### INSTRUCTIONS FOR THE TASK
Please reproduce exactly, and only, the line containing "Finding a soulmate" and every line after it to the end of the records below, leaving out all pictures.

### DATA EXTRACT
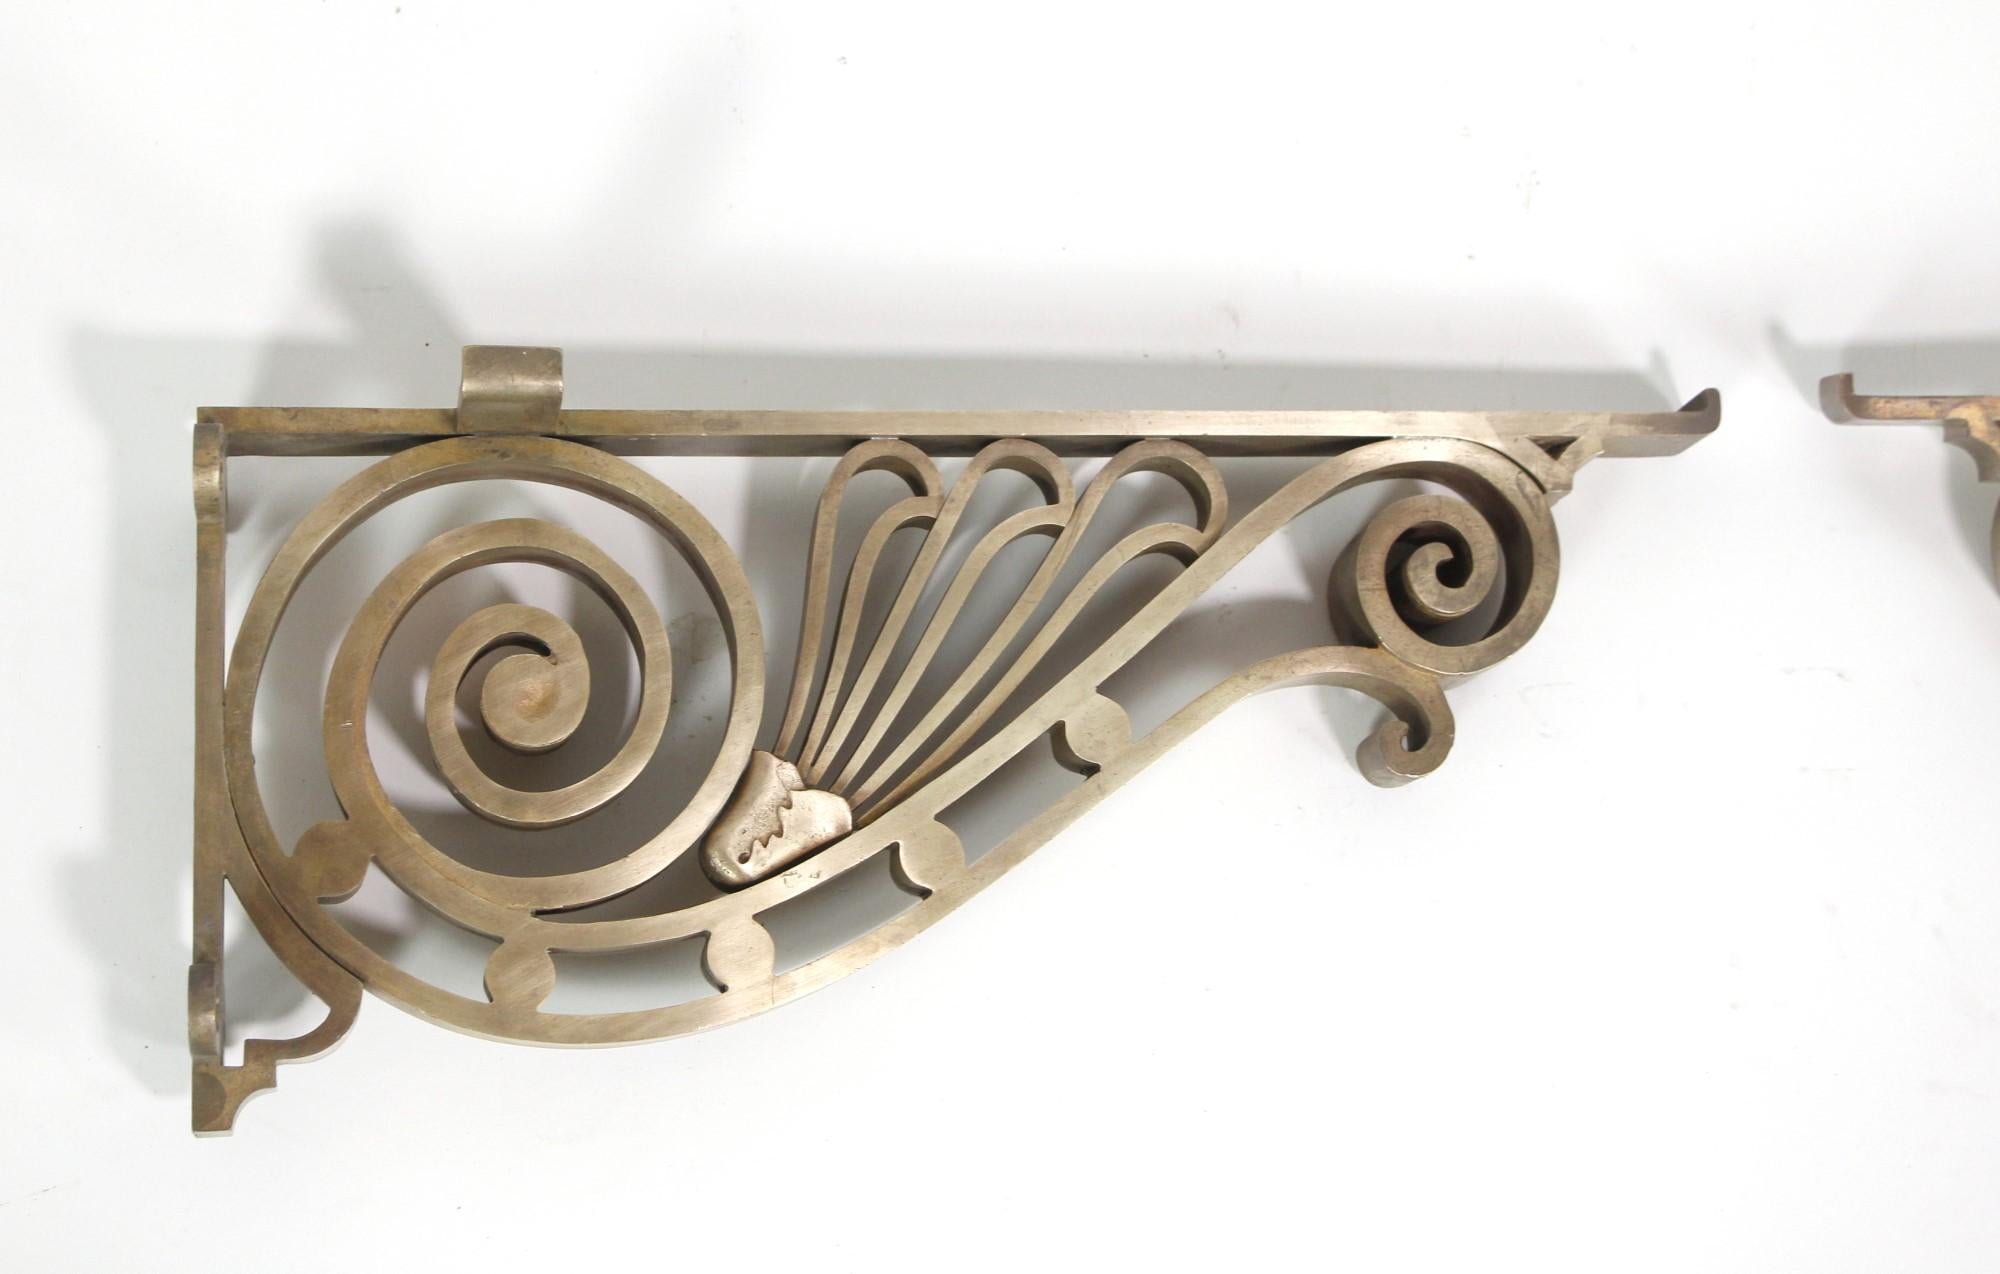 Early 20th Century Art Nouveau cast bronze brackets featuring a polished finish. Spiral design enhancement the beauty and strength of these antique brackets. Priced as a pair. Please note, this item is located in one of our NYC locations.
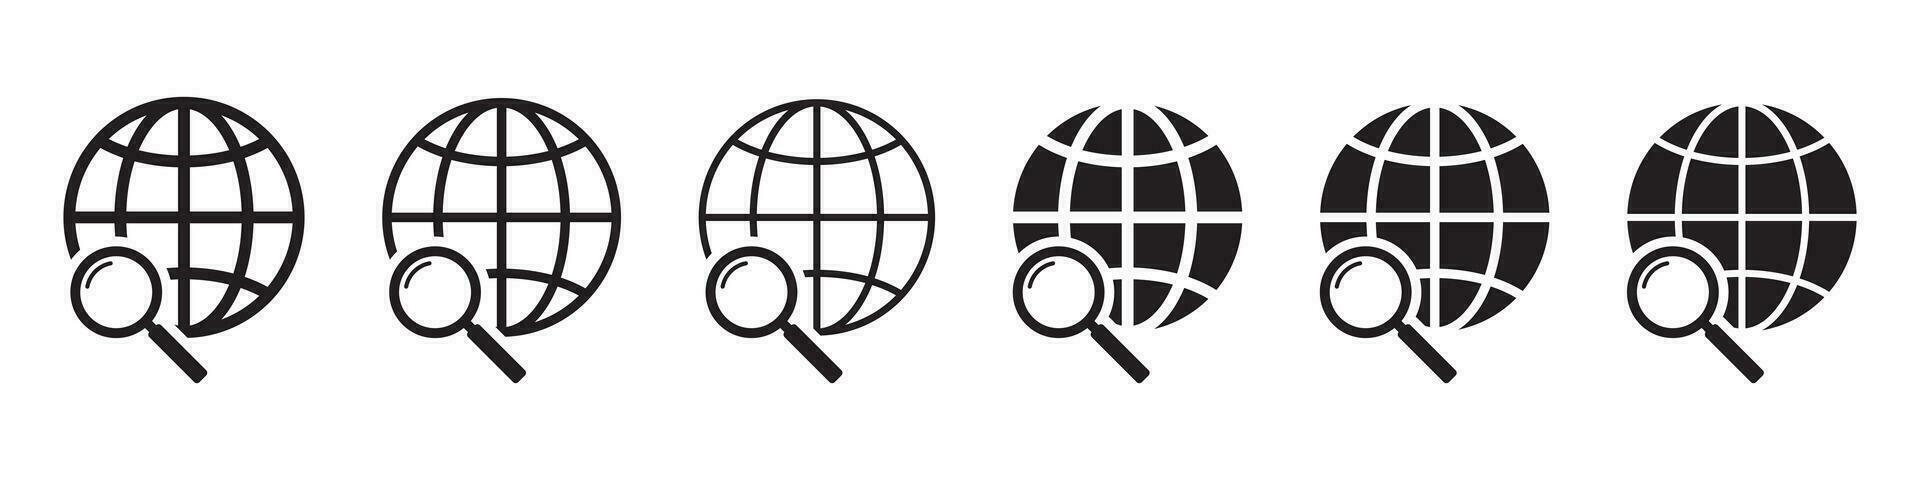 Magnifier and globe icon, search for a place on a map or on the globe icon. The icon of the magnifying glass and planet Earth. vector
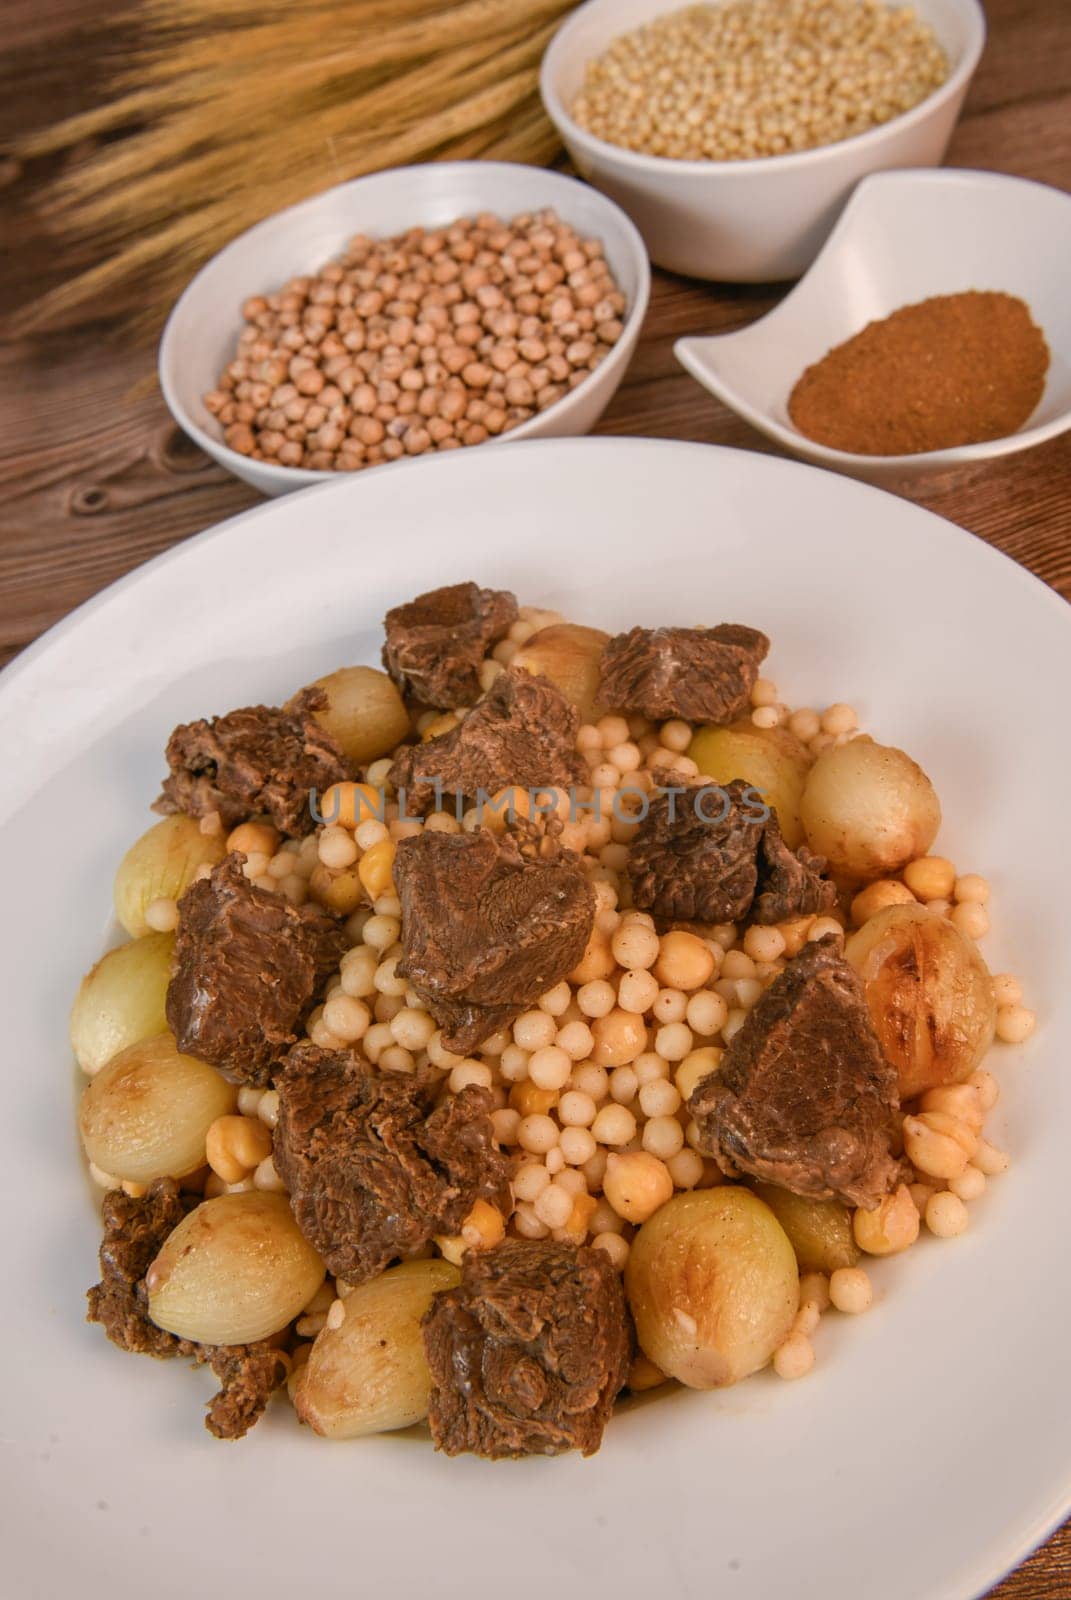 Moughrabieh is a popular dish, LEBANESE RECIPE FOR MOUGHRABIEH WITH BEEF AND SMALL ONIONS, SEMOLINA PEARLS AND CHICKPEAS by FreeProd
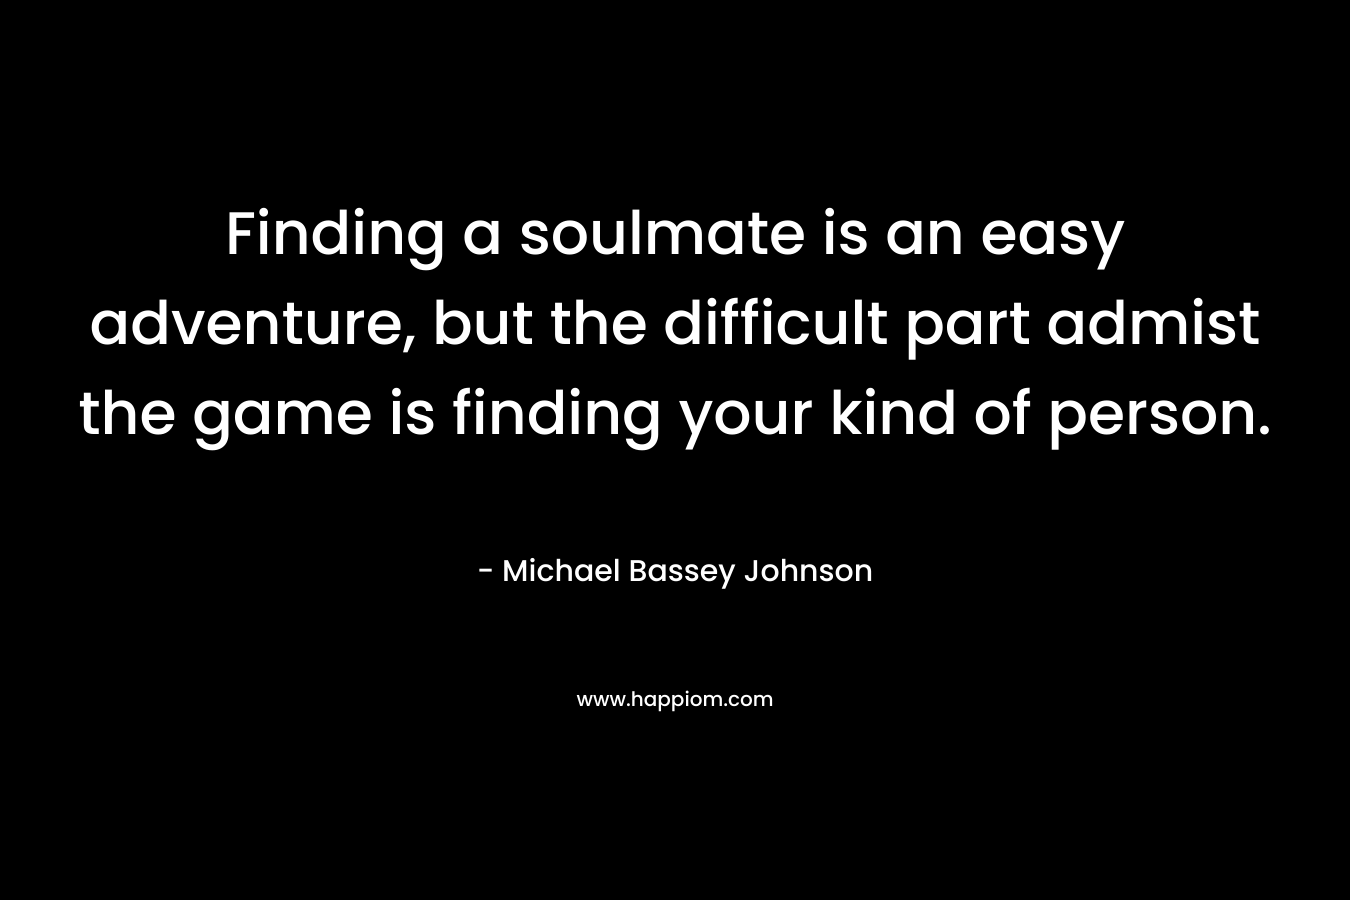 Finding a soulmate is an easy adventure, but the difficult part admist the game is finding your kind of person.
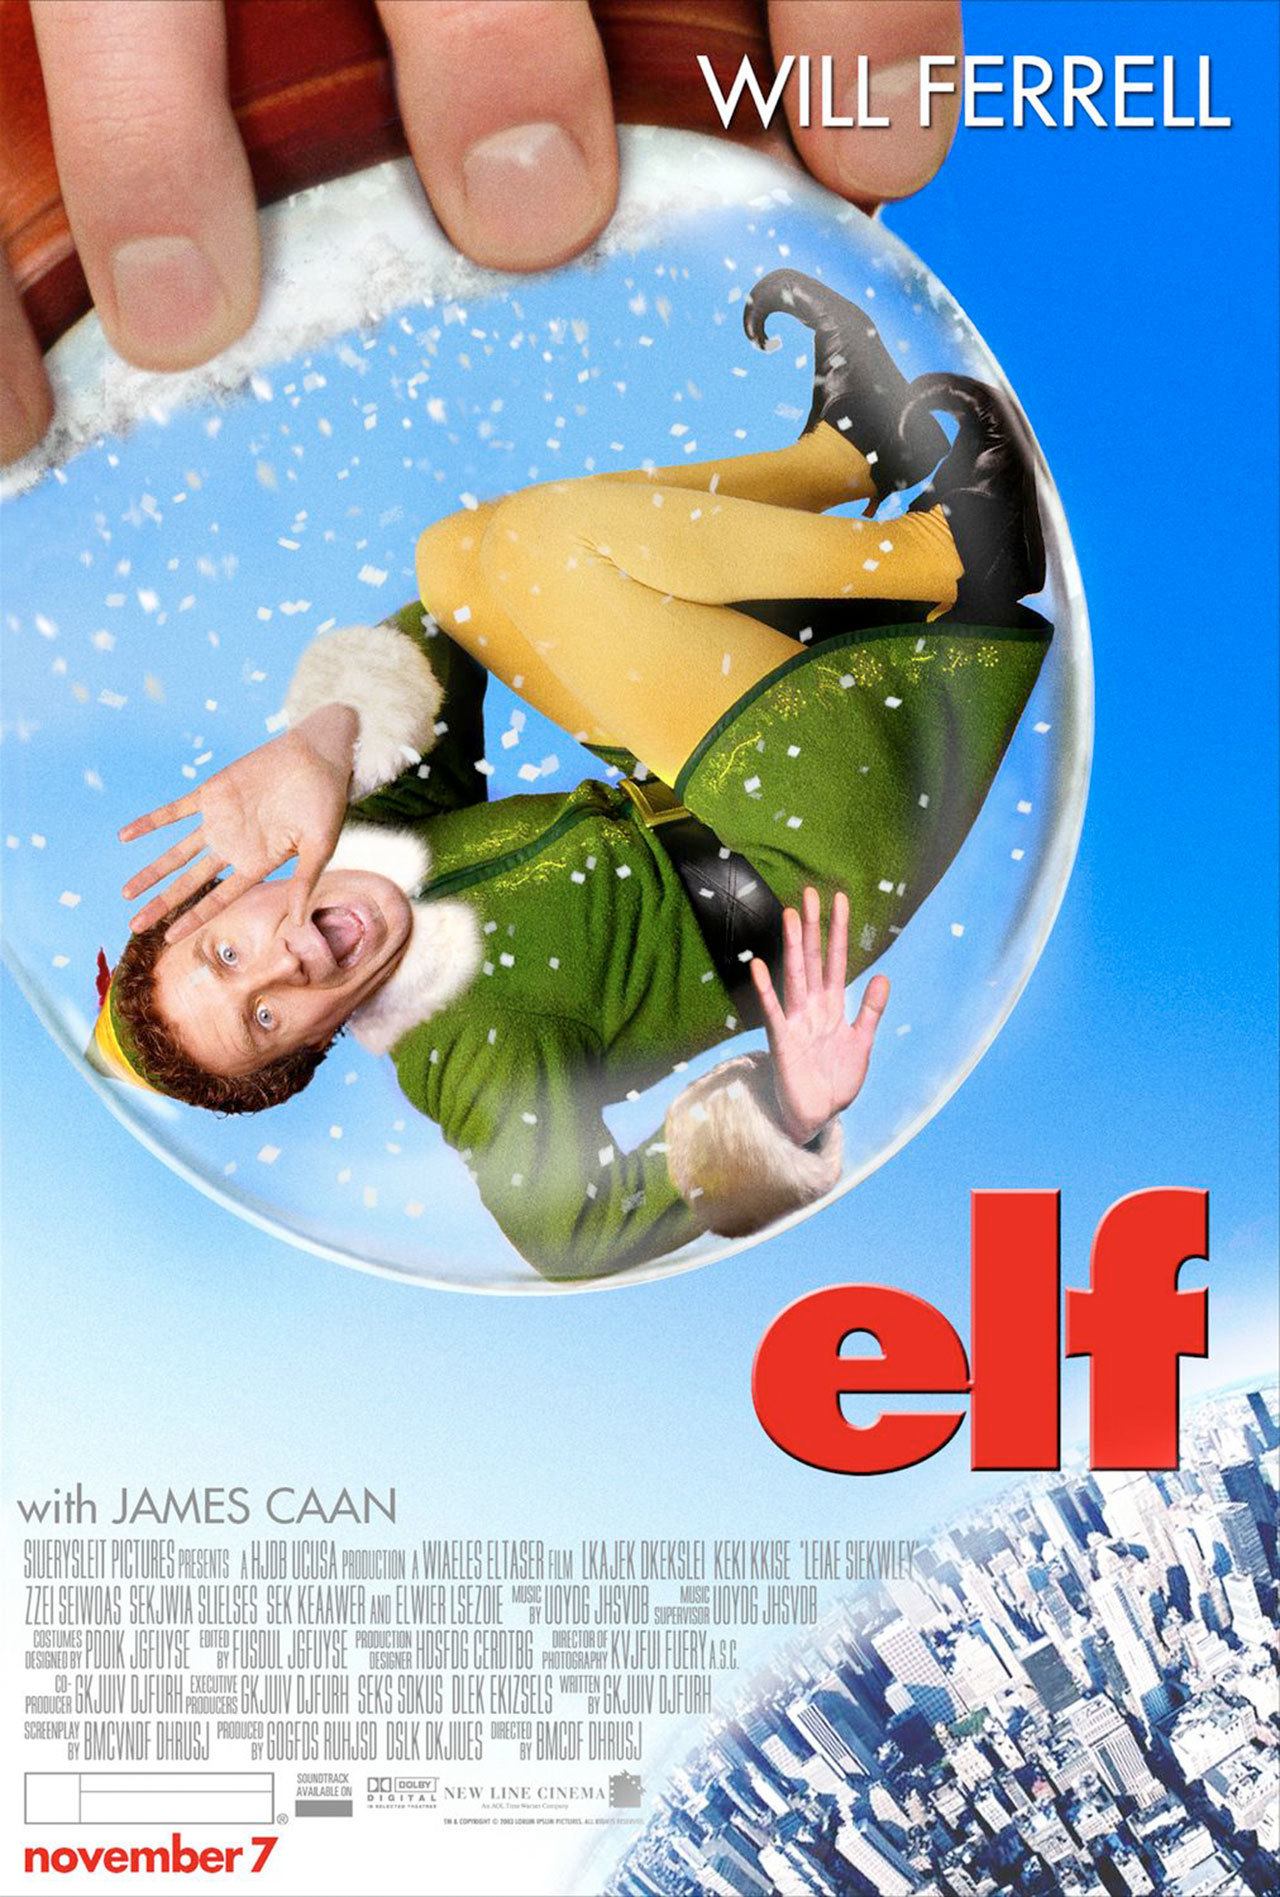 Image courtesy of New Line Cinema                                “Elf” (2003) and four other holiday favorites are set for a yuletide revival at the Bainbridge Island Museum of Art this year, bringing you season’s greetings from the silver screen as part of the latest smARTfilm series: “Hollywood Holidays.”

### TASK SOLUTION
 Finding a soulmate is an easy adventure, but the difficult part admist the game is finding your kind of person.
 Image courtesy of New Line Cinema                                “Elf” (2003) and four other holiday favorites are set for a yuletide revival at the Bainbridge Island Museum of Art this year, bringing you season’s greetings from the silver screen as part of the latest smARTfilm series: “Hollywood Holidays.”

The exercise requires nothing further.